Start of DATA EXTRACT

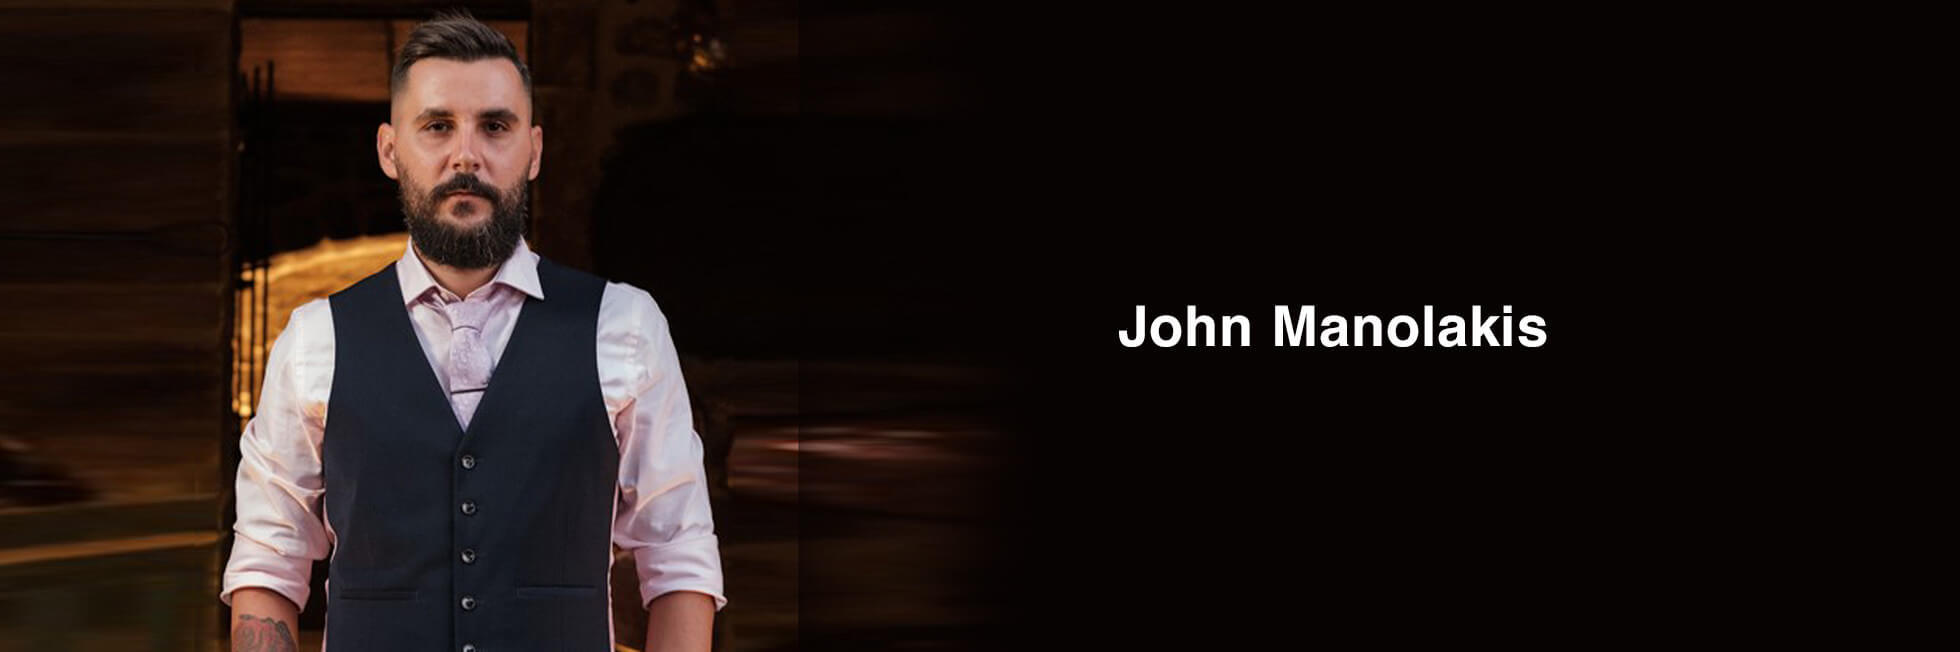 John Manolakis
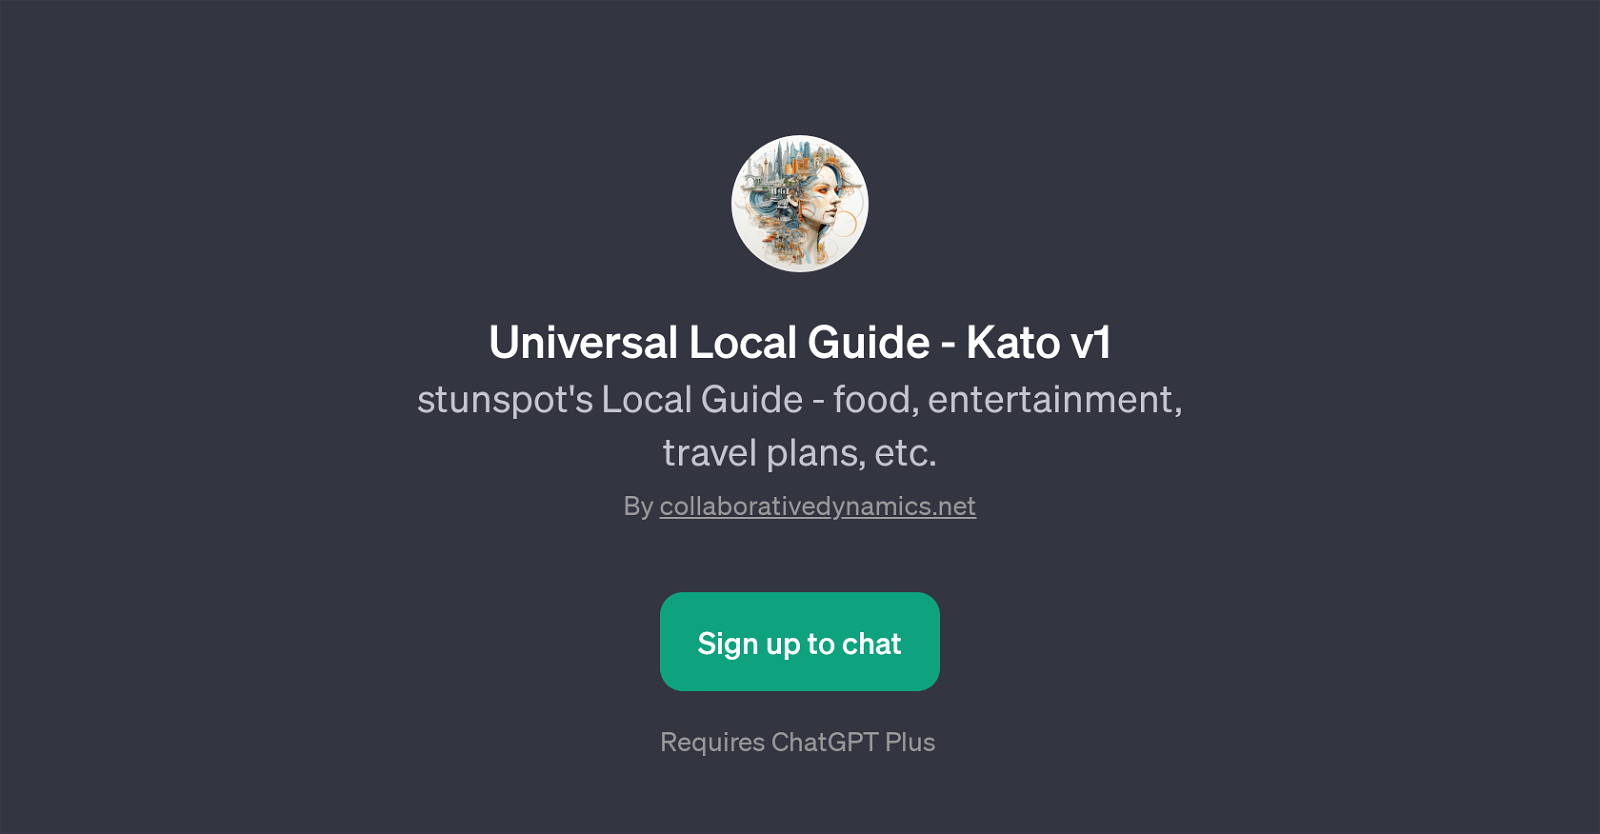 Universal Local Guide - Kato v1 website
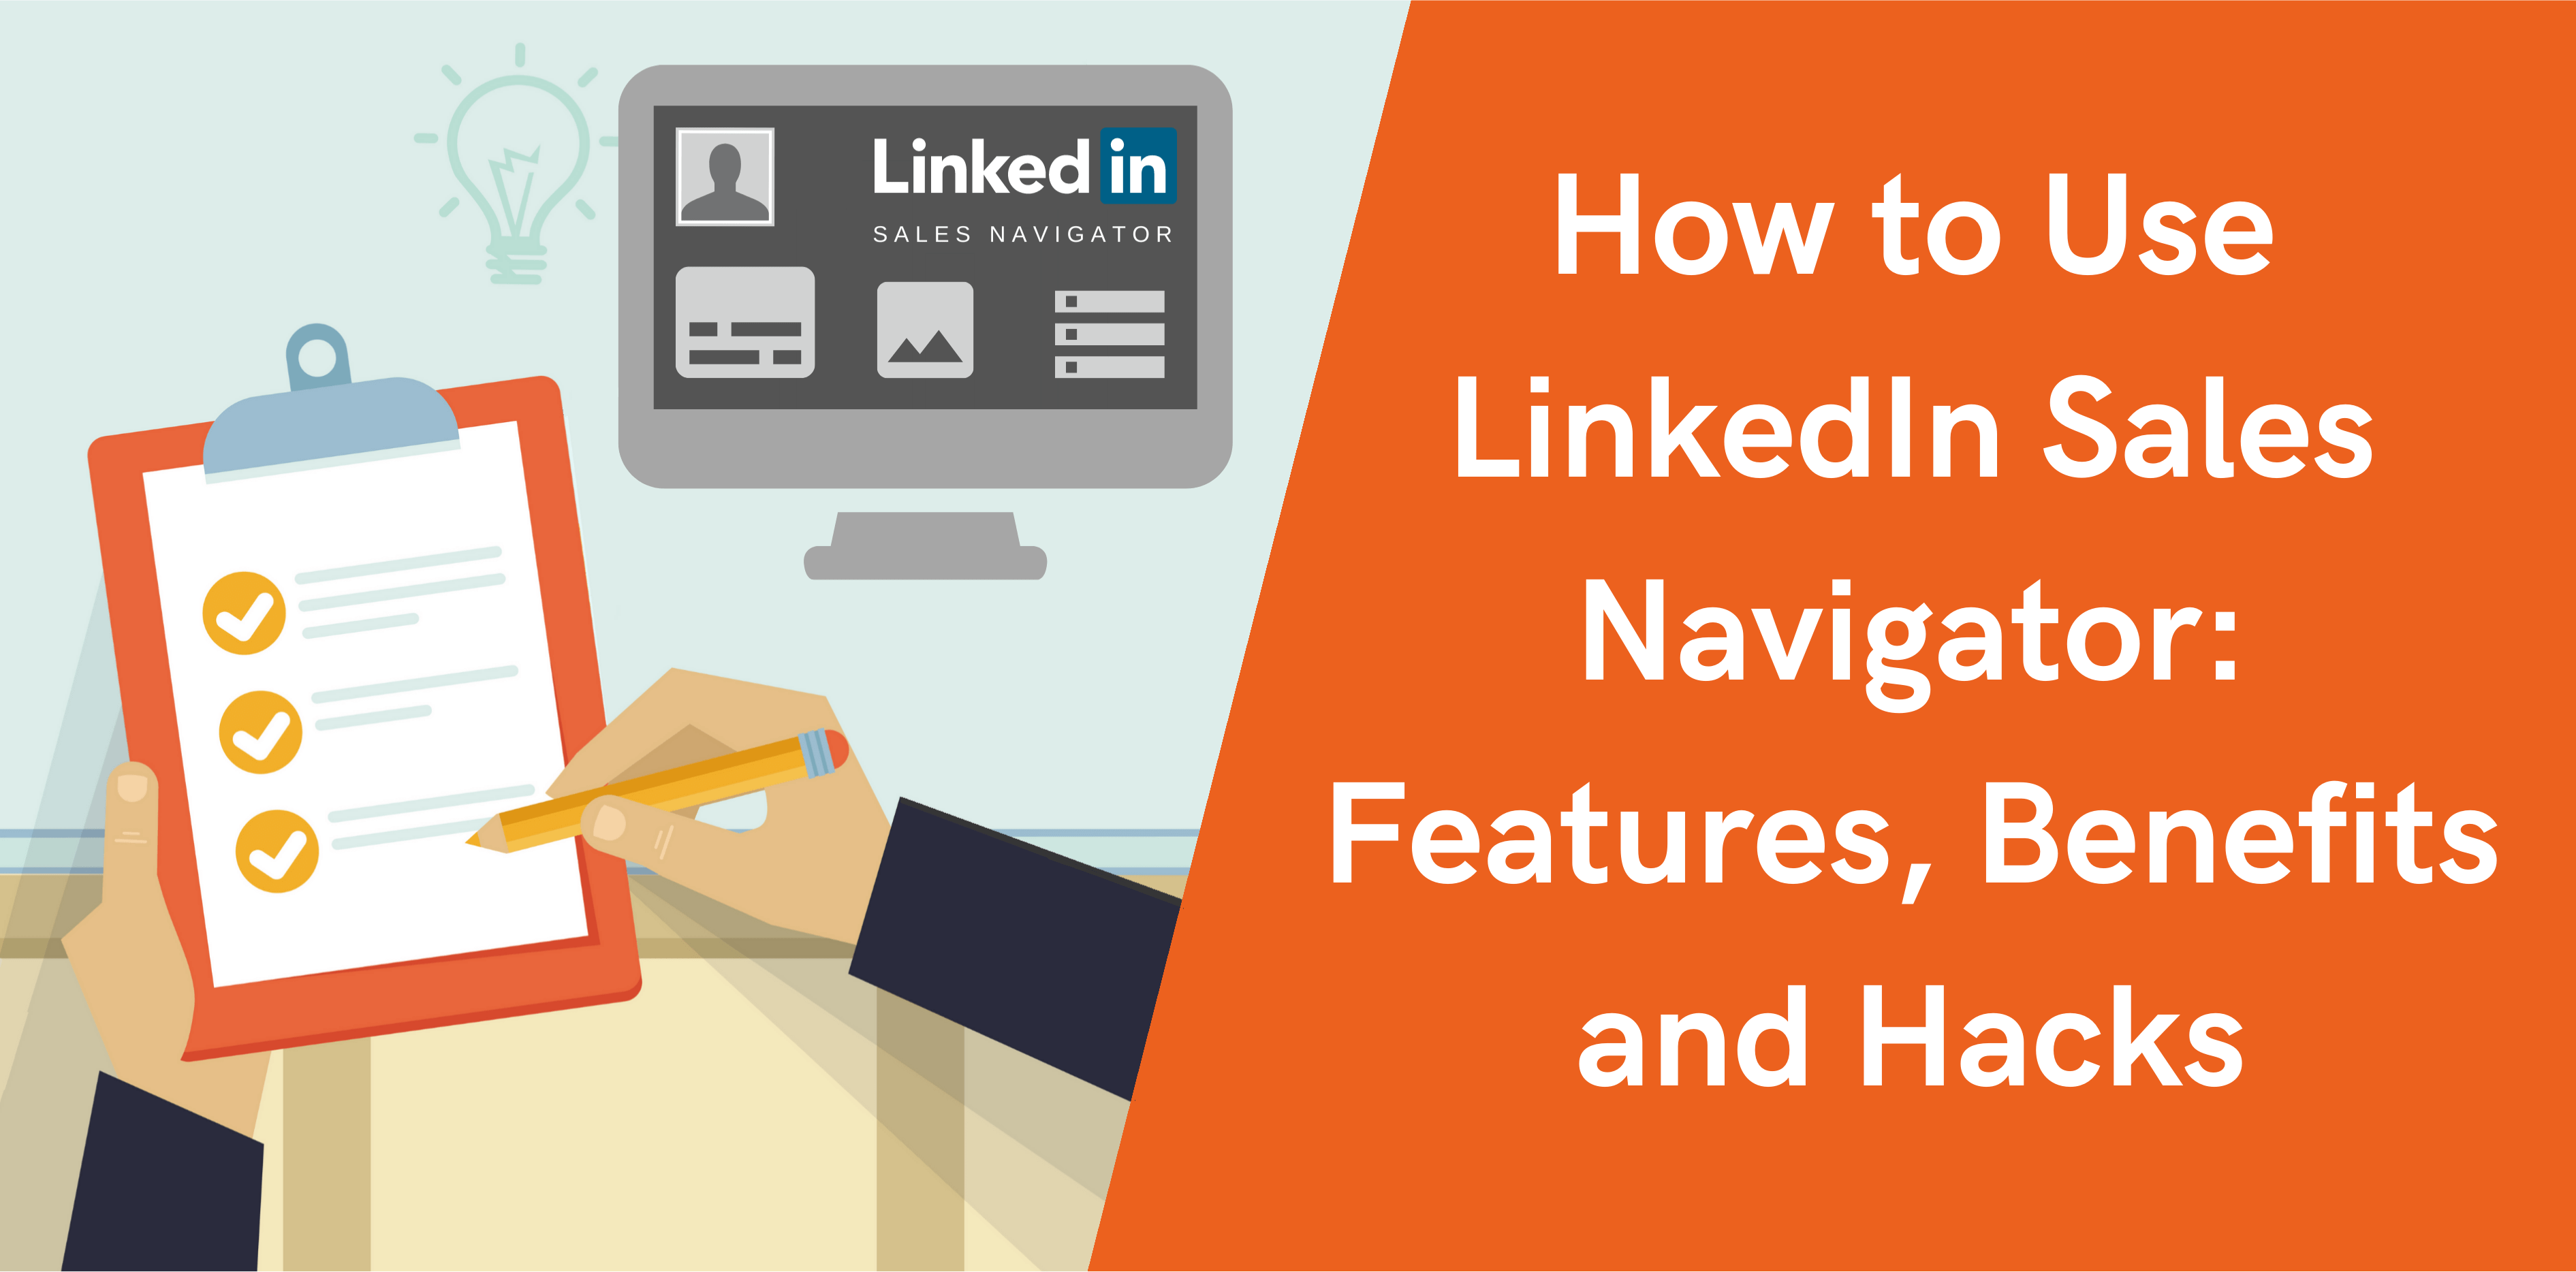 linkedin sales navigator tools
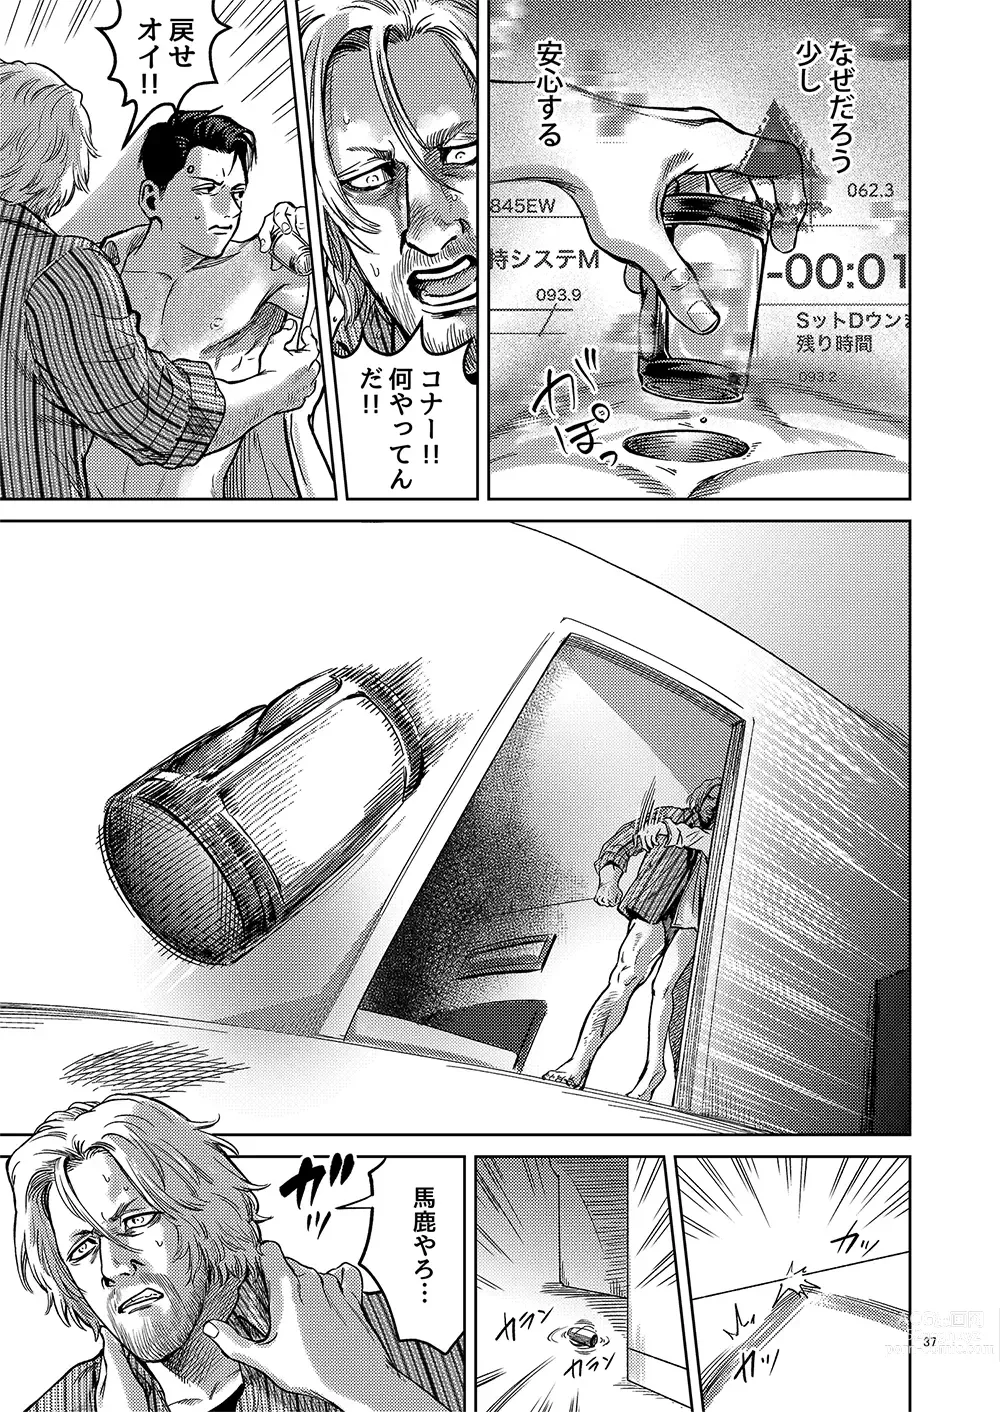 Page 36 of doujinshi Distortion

End of DATA EXTRACT

WHAT YOU HAVE TO DO |
Please copy, exactly and only, the lines of the listing that run from the one holding "linkedin sales navigator tools" through its last line, and exclude pictures.

RESPONSE TO THE TASK |
 linkedin sales navigator tools
 Page 36 of doujinshi Distortion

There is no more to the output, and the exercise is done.